------ Records for the task ------
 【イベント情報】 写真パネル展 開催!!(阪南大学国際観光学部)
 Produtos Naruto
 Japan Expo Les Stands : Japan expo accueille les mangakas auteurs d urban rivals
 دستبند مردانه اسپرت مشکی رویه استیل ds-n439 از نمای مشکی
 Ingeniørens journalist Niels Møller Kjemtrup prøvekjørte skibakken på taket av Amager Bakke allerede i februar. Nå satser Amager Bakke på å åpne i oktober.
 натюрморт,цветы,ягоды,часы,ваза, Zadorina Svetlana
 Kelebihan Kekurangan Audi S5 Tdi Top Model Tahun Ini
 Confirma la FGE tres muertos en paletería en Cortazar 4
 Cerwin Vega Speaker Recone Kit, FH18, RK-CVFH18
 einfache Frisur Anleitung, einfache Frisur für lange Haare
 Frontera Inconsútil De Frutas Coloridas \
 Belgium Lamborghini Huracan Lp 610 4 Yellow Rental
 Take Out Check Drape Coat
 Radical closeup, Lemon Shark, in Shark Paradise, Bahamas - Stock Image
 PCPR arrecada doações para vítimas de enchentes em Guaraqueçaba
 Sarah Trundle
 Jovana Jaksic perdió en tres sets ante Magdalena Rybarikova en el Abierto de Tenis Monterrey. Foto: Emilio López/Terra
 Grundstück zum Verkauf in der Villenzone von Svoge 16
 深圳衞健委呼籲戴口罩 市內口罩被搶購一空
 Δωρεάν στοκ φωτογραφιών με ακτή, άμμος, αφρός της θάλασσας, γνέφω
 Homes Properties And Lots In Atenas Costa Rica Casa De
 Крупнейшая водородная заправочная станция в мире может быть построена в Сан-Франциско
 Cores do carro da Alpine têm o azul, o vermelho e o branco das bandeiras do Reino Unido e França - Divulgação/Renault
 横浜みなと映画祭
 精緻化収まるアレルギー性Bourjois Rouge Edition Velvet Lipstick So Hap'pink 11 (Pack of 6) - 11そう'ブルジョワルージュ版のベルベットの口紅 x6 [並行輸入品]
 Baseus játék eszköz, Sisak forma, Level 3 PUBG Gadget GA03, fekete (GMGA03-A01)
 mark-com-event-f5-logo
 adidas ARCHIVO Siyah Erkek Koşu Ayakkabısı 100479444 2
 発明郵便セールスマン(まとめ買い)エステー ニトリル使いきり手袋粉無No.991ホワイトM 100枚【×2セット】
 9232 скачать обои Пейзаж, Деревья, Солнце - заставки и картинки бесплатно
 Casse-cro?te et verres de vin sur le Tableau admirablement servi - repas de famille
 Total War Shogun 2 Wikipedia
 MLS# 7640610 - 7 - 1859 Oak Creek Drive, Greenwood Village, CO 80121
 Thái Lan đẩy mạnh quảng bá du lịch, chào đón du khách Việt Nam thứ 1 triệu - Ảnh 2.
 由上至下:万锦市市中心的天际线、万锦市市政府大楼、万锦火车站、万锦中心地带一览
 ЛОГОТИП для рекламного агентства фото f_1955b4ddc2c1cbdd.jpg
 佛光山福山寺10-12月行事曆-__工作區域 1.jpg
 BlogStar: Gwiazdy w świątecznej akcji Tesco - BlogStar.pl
------
**Aim of the exercise**
Transcribe all of the material without omitting a line.

**Your response**
 【イベント情報】 写真パネル展 開催!!(阪南大学国際観光学部)
 Produtos Naruto
 Japan Expo Les Stands : Japan expo accueille les mangakas auteurs d urban rivals
 دستبند مردانه اسپرت مشکی رویه استیل ds-n439 از نمای مشکی
 Ingeniørens journalist Niels Møller Kjemtrup prøvekjørte skibakken på taket av Amager Bakke allerede i februar. Nå satser Amager Bakke på å åpne i oktober.
 натюрморт,цветы,ягоды,часы,ваза, Zadorina Svetlana
 Kelebihan Kekurangan Audi S5 Tdi Top Model Tahun Ini
 Confirma la FGE tres muertos en paletería en Cortazar 4
 Cerwin Vega Speaker Recone Kit, FH18, RK-CVFH18
 einfache Frisur Anleitung, einfache Frisur für lange Haare
 Frontera Inconsútil De Frutas Coloridas \
 Belgium Lamborghini Huracan Lp 610 4 Yellow Rental
 Take Out Check Drape Coat
 Radical closeup, Lemon Shark, in Shark Paradise, Bahamas - Stock Image
 PCPR arrecada doações para vítimas de enchentes em Guaraqueçaba
 Sarah Trundle
 Jovana Jaksic perdió en tres sets ante Magdalena Rybarikova en el Abierto de Tenis Monterrey. Foto: Emilio López/Terra
 Grundstück zum Verkauf in der Villenzone von Svoge 16
 深圳衞健委呼籲戴口罩 市內口罩被搶購一空
 Δωρεάν στοκ φωτογραφιών με ακτή, άμμος, αφρός της θάλασσας, γνέφω
 Homes Properties And Lots In Atenas Costa Rica Casa De
 Крупнейшая водородная заправочная станция в мире может быть построена в Сан-Франциско
 Cores do carro da Alpine têm o azul, o vermelho e o branco das bandeiras do Reino Unido e França - Divulgação/Renault
 横浜みなと映画祭
 精緻化収まるアレルギー性Bourjois Rouge Edition Velvet Lipstick So Hap'pink 11 (Pack of 6) - 11そう'ブルジョワルージュ版のベルベットの口紅 x6 [並行輸入品]
 Baseus játék eszköz, Sisak forma, Level 3 PUBG Gadget GA03, fekete (GMGA03-A01)
 mark-com-event-f5-logo
 adidas ARCHIVO Siyah Erkek Koşu Ayakkabısı 100479444 2
 発明郵便セールスマン(まとめ買い)エステー ニトリル使いきり手袋粉無No.991ホワイトM 100枚【×2セット】
 9232 скачать обои Пейзаж, Деревья, Солнце - заставки и картинки бесплатно
 Casse-cro?te et verres de vin sur le Tableau admirablement servi - repas de famille
 Total War Shogun 2 Wikipedia
 MLS# 7640610 - 7 - 1859 Oak Creek Drive, Greenwood Village, CO 80121
 Thái Lan đẩy mạnh quảng bá du lịch, chào đón du khách Việt Nam thứ 1 triệu - Ảnh 2.
 由上至下:万锦市市中心的天际线、万锦市市政府大楼、万锦火车站、万锦中心地带一览
 ЛОГОТИП для рекламного агентства фото f_1955b4ddc2c1cbdd.jpg
 佛光山福山寺10-12月行事曆-__工作區域 1.jpg
 BlogStar: Gwiazdy w świątecznej akcji Tesco - BlogStar.pl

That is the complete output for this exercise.